Глубокие сомнения в русском народе и роковые предчувствия грядущего разложения
заставляют его воскликнуть: «Надо подморозить Россию, чтобы она не
«гнила» ». Но «подмораживанием» нельзя ведь создать новой цветущей самобытной
культуры, нельзя выполнить положительной миссии в мире. «Слава Богу, что мы
стараемся теперь затормозить хоть немного свою историю в надежде на то, что
можно будет позднее свернуть на вовсе иной путь. И пусть тогда бушующий и
гремящий поезд Запада промчится мимо нас, к неизбежной бездне социальной
анархии». Это слова отчаявшегося, потерявшего надежды консерватора. В них нет
веры и надежды на сложное цветение культуры, на мировую миссию. Мессианизма
мистического у К. Н. никогда не было, его учение о призвании России было
натуралистическим и зависело от натуралистического процесса, происходящего с
Россией.
К. Леонтьев так мало верил в силу «своего», «русского», что отрицательно
относился к русификации окраин. Он называл русификацию «жидкой, бледной и
нивелирующей европеизацией». «Русификация окраин есть не что иное, как
демократическая европеизация». «Для нашего, слава Богу, ещё пестрого
государства полезны своеобычные окраины; полезно упрямое иноверчество; слава
Богу, что нынешней русификации дается отпор. Не прямо полезен этот
отпор, но косвенно; католичество есть главная опора полонизма, положим,
но оно же вместе с тем одно из лучших орудий против общего индифферентизма и
безбожия». В этом К. Н. решительно расходился и с Катковым, и со славянофилами,
и со всеми нашими традиционными консерваторами. Он даже находит, что инородцы
лучше русских. «Хорошо обращать униатов в православие, но ещё бы нужнее
придумать, как своих, москвичей, калужан, псковичей, жителей Северной
Пальмиры, просветить Светом Истины? С упорными иноверцами окраин
Россия со времен Иоаннов все росла и росла, все крепла и прославлялась, а с
«европейцами» великорусскими она, в каких-нибудь полвека, пришла... К чему она
пришла — мы видим теперь!.. Между прочим, и к тому, что и русский
старовер, и ксёндз, и татарский мулла, и самый дикий и злой черкес стали лучше и
безвреднее для нас наших единокровных и по названию (но не по духу, конечно)
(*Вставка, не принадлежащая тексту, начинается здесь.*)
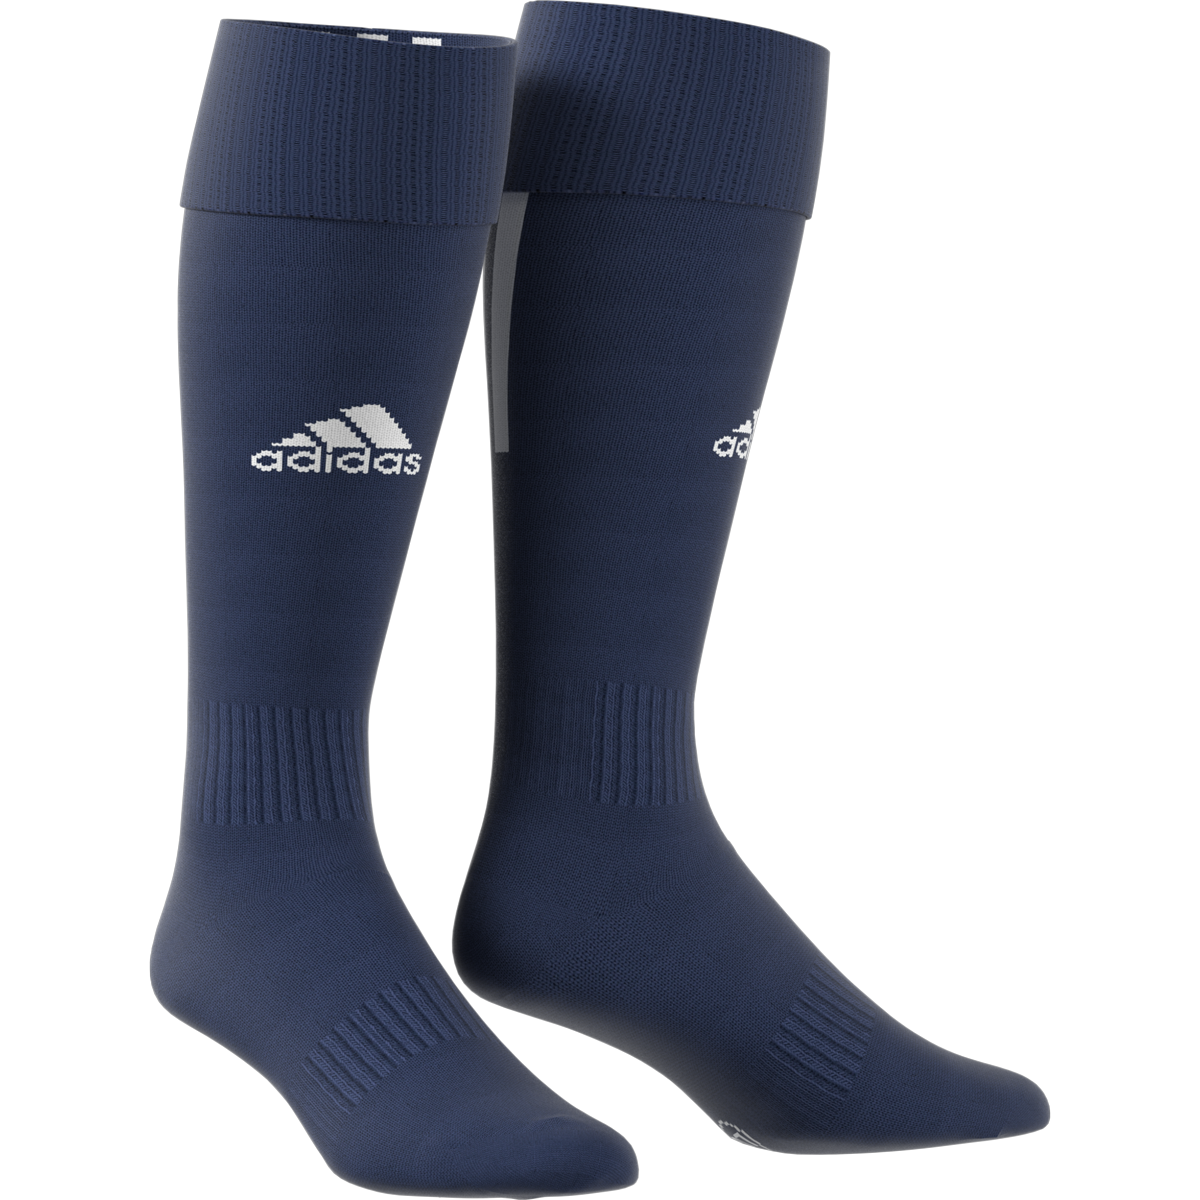 Adidas Santos 18 tmavě modrá/bílá EU 40/42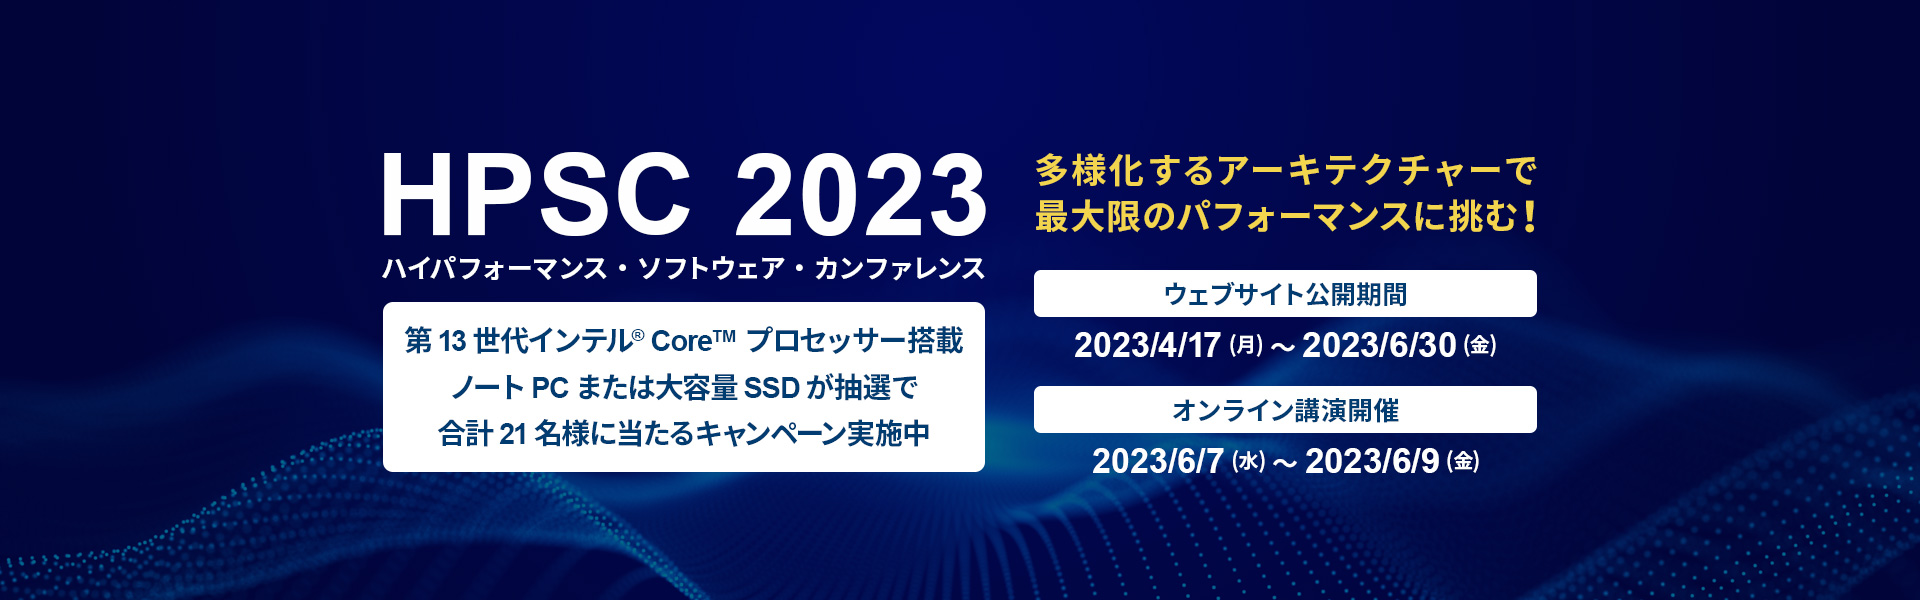 HPSC 2023

единоверных братьев!» «Русские люди, — пишет К. Н. Заморееву, — не созданы
для свободы. Без страха и насилия у них все прахом пойдет». «Да разве в России
можно без принуждения, и строгого даже, что бы то ни было сделать и
утвердить? У нас что крепко стоит? Армия, монастыри, чиновничество и, пожалуй,
крестьянский мир. Всё принудительное».«По пристрастию сердца к
России я часто думаю, что все эти мерзкие личные пороки наши очень полезны в
культурном смысле, ибо они вызывают потребность деспотизма, неравноправности
и резкой дисциплины, духовной и физической; эти пороки делают нас
малоспособными к той буржуазно-либеральной цивилизации, которая до сих пор ещё
так крепко держится в Европе. Как племя, как мораль, мы гораздо ниже
европейцев; но, так как, и не преувеличивая молодость нашу, все-таки надо
признать, что мы хоть на один век да моложе Европы, то и более бездарное
и менее благородное племя может в известный период стать лучше в культурном
отношении, чем более устаревшие, хотя и более одаренные племена». Вот за
какую соломинку цепляется К. Н. в своих надеждах на будущее России. Европейские
народы он считает более одаренными, чем русский народ. «Да, милый мой, — пишет
он Александрову, — не вижу я в русских людях той какой-то особенной и
неслыханной «морали», «любви», с которой носился Ваш подпольный пророк
Достоевский, а за ним носятся и другие, и на культурное (!) значение
которой рассчитывают». Даже русской религиозности К. Н. отказывает в
оригинальности: «Византийской религиозной культуре вообще принадлежат все
главные типы той святости, которой образцами впоследствии пользовались
русские люди... Все наши святые были только учениками, подражателями,
последователями византийских святых». Он решительно предлагает «отвергнуть
возможность поклонения Каратаеву и вообще простому народу в стиле, слишком
похожем на славянофильский стиль подобного поклонения в сороковых и
шестидесятых годах». Своеобразия русского православия он не видел. Он не знал
белого христианства св. Серафима, христианства
Воскресения.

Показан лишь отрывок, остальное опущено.